British researchers found that exercise
not only improved the subjects' moods, but it improved their
creative thinking (assessed using the Torrance test). Specifically, it significantly
increased their flexibility score: They were able to come up
with a greater variety of responses. This would ultimately lower
anxiety because it is easier to solve your problems if you can
come up with better solutions. In the study, the participants
did twenty to twenty-five minutes of aerobic exercise. High-impact
and low-impact both worked. When the researchers posed a problem,
the people who had exercised thought up a greater range of strategies
to solve it.
In another study at Baruch College, after
twenty minutes of aerobic exercise, the participants' measures
of creative problem-solving "increased significantly."
Researchers at Scripps College tested people
between the ages of fifty-five and ninety-one years old for mental
ability and physical activity. They compared sixty-two of them
who were physically active (exercising regularly) with sixty-two
people were relatively sedentary. The exercisers scored significantly
better on all mental abilities: reasoning, vocabulary skills,
reaction time, and memory.
In a study at Stanford University, healthy
but sedentary adults who had trouble sleeping (taking longer
than twenty-five minutes to fall asleep, for example, and sleeping
an average of only six hours per night) were put on an exercise
program for three months. By the end of the study, the exercisers
were sleeping about forty-five minutes longer and falling asleep
fifteen minutes faster, on average. The ones who didn't exercise
hadn't improved.
It was once believed that the brain did
not generate any new brain cells. But that has now been proven
a false assumption. New brain cells form throughout the life
span. Trying to determine if anything can stimulate the brain
to produce more brain cells, neurologists at the Salk Institute
found that mice who exercised regularly on a spinning wheel had
far more new brain cells after six weeks than the mice who hadn't
been exercising.
WHEN NOTHING WORKS
What if you feel anxious and try to relax
but it just makes you feel more agitated? And then you try to
figure out what's bothering you and work on that and that doesn't
work either? When you seem agitated for no reason and nothing
seems to work, I suggest that you consider the possibility that
you need exercise.
A need for exercise can often pass for
nervousness in the same way that being thirsty can often be mistaken
as hunger. They are similar feelings or have similar sensations.

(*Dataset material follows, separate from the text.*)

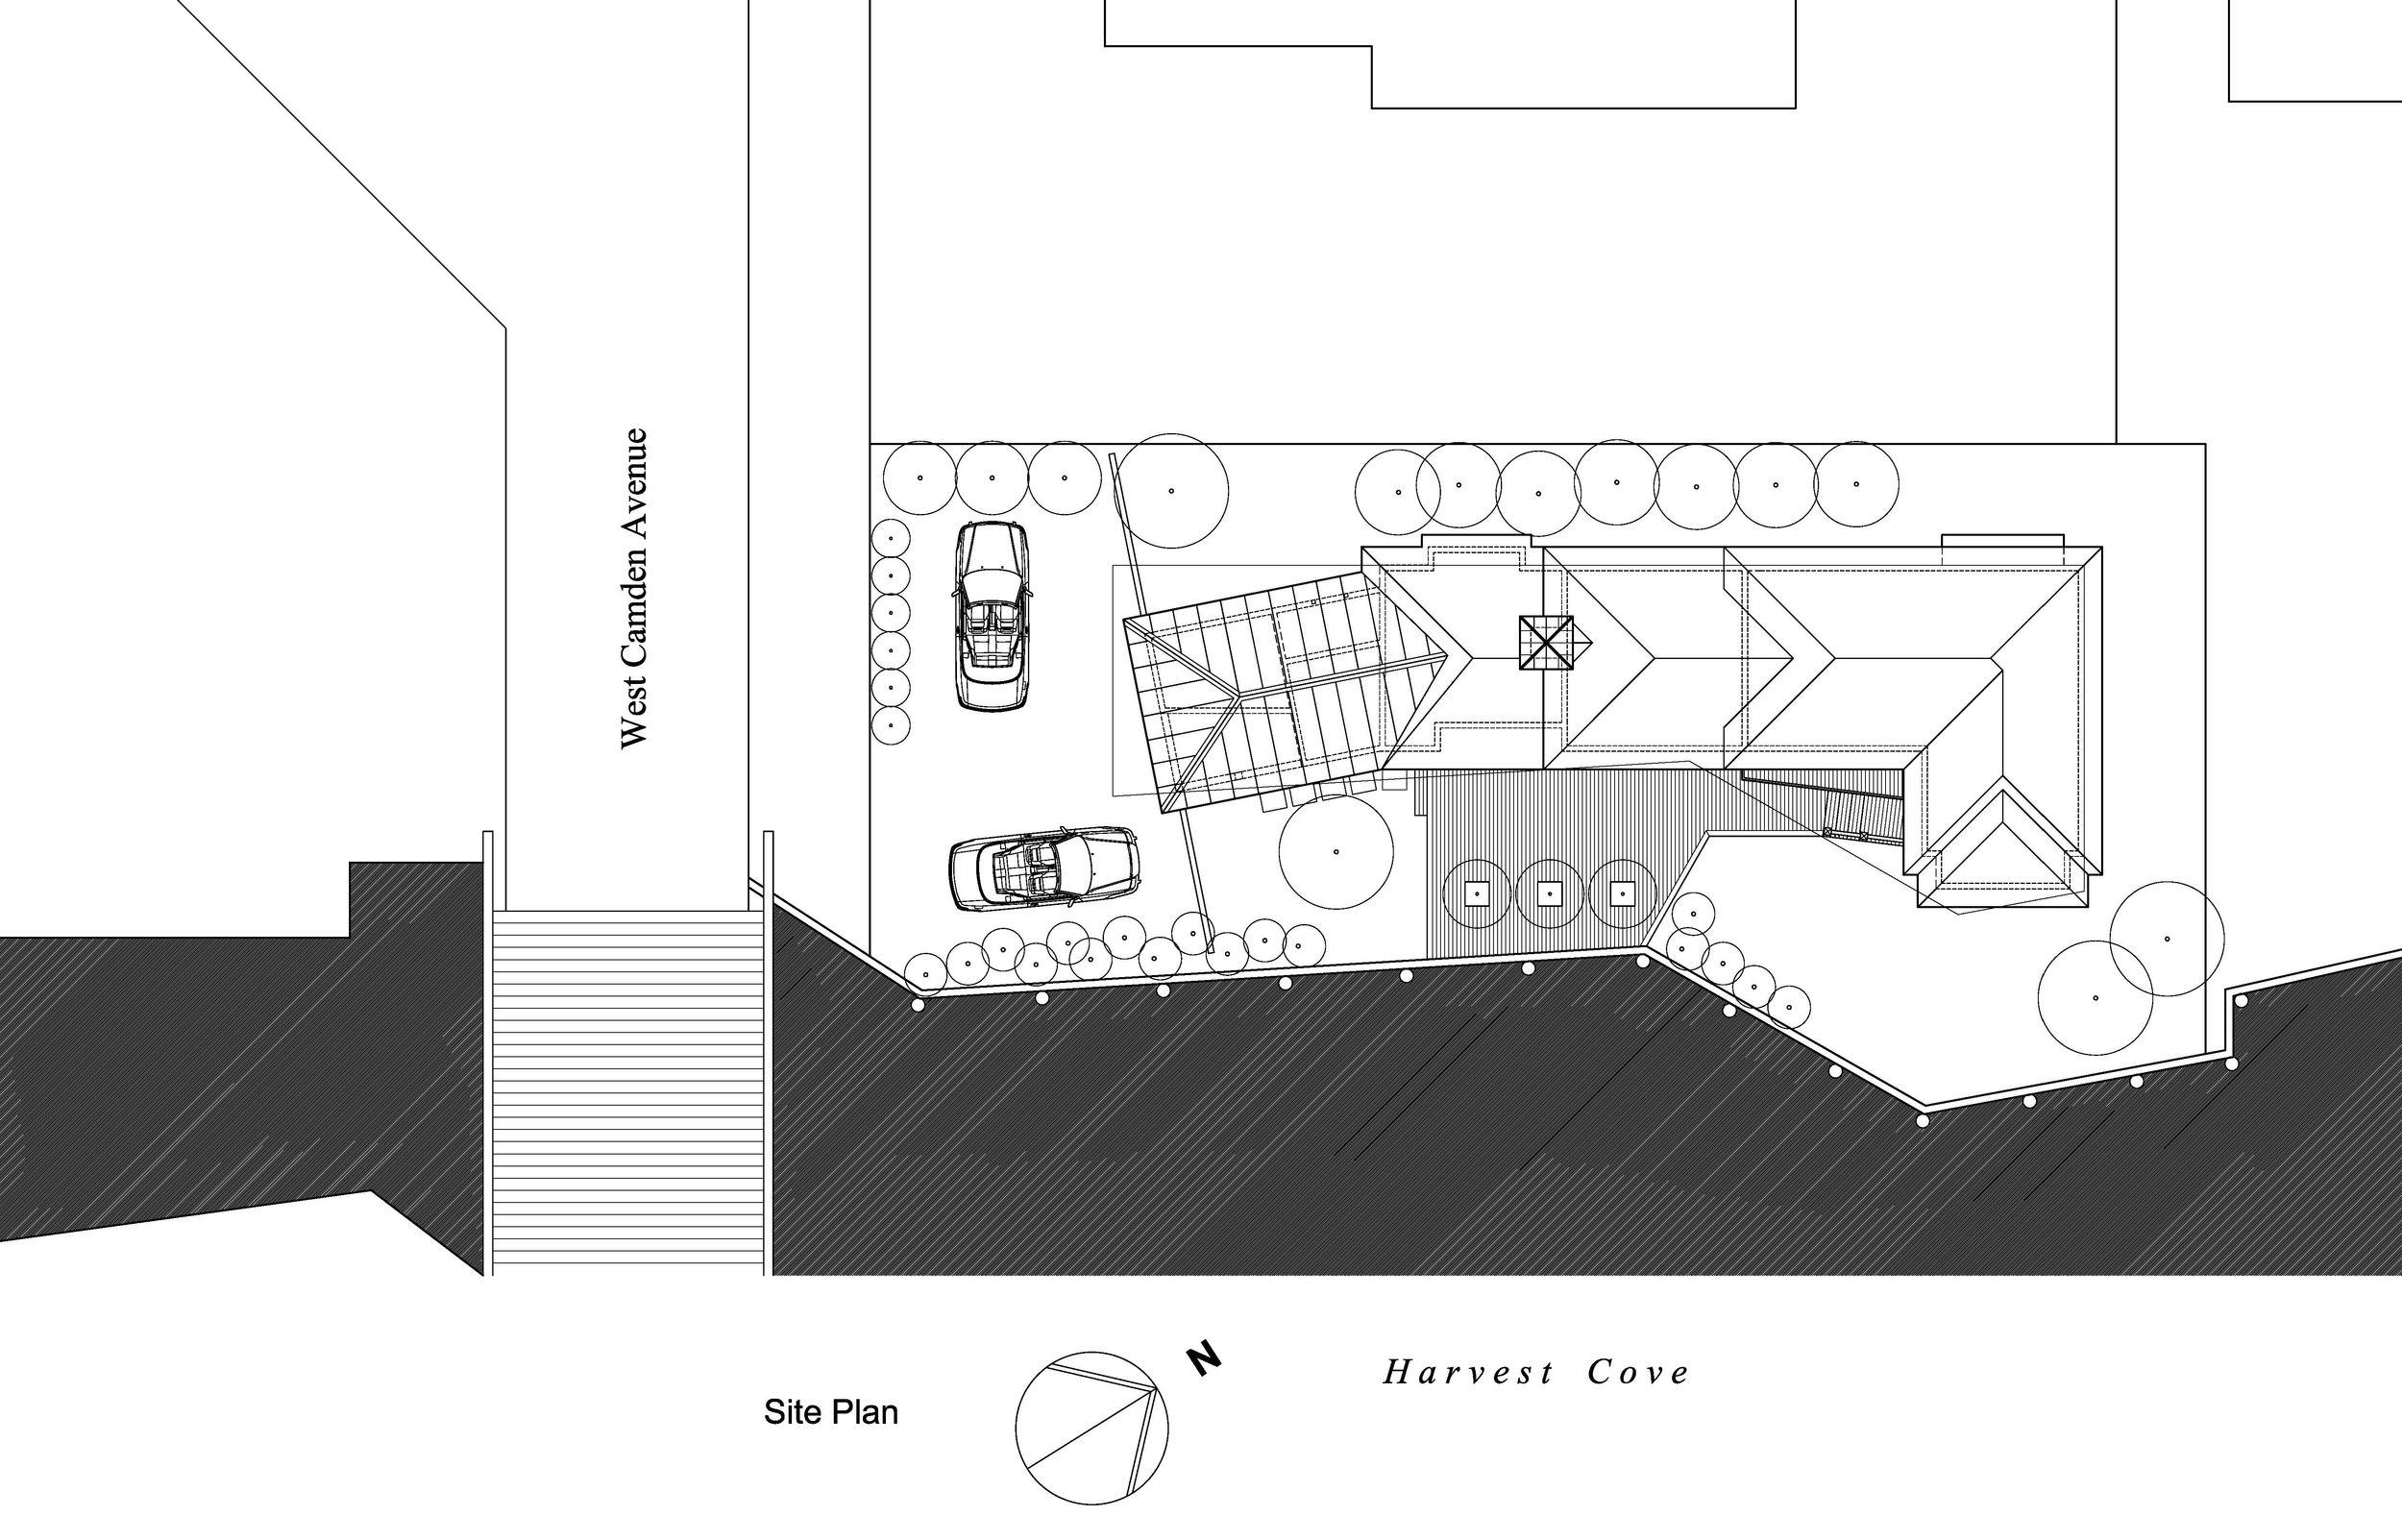 new_moon_cottage_site_plan.jpg

If you feel agitated, get some exercise.
If you're feeling stiff or sore, and not up to exercising, try
yoga or simple calisthenics. In other words, start to
get in shape for exercising. I'm not talking about starting an
"Exercise Program." Just do something light and see
if you feel better. Do a few pushups, a few sit-ups, maybe some
jumping jacks, and see how you feel. When you stretch, stretch
very gently, more gently than you think will do any good, hold
the position for fifteen to twenty seconds, and slowly release
it. I recommend Judy Altar's book, Stretch and Strengthen.
Our bodies have clearly evolved to get
quite a bit of activity, and the body rebels when we don't get
enough. It's as much of a need as protein. We would feel bad
and physically deteriorate if we didn't eat enough protein. Without
exercise, we deteriorate and feel bad too. It's a need,
not a bonus or a thing you might do if you like.
And, one final fact for you to consider,
since we're here to manage anxiety. Psychologist Robert Dustman,
one of the top researchers into the effect of aging on the brain,
found that when people exercise, it keeps their brain producing
more alpha brain waves. The alpha rhythm is associated with the
ability to stay calm under pressure.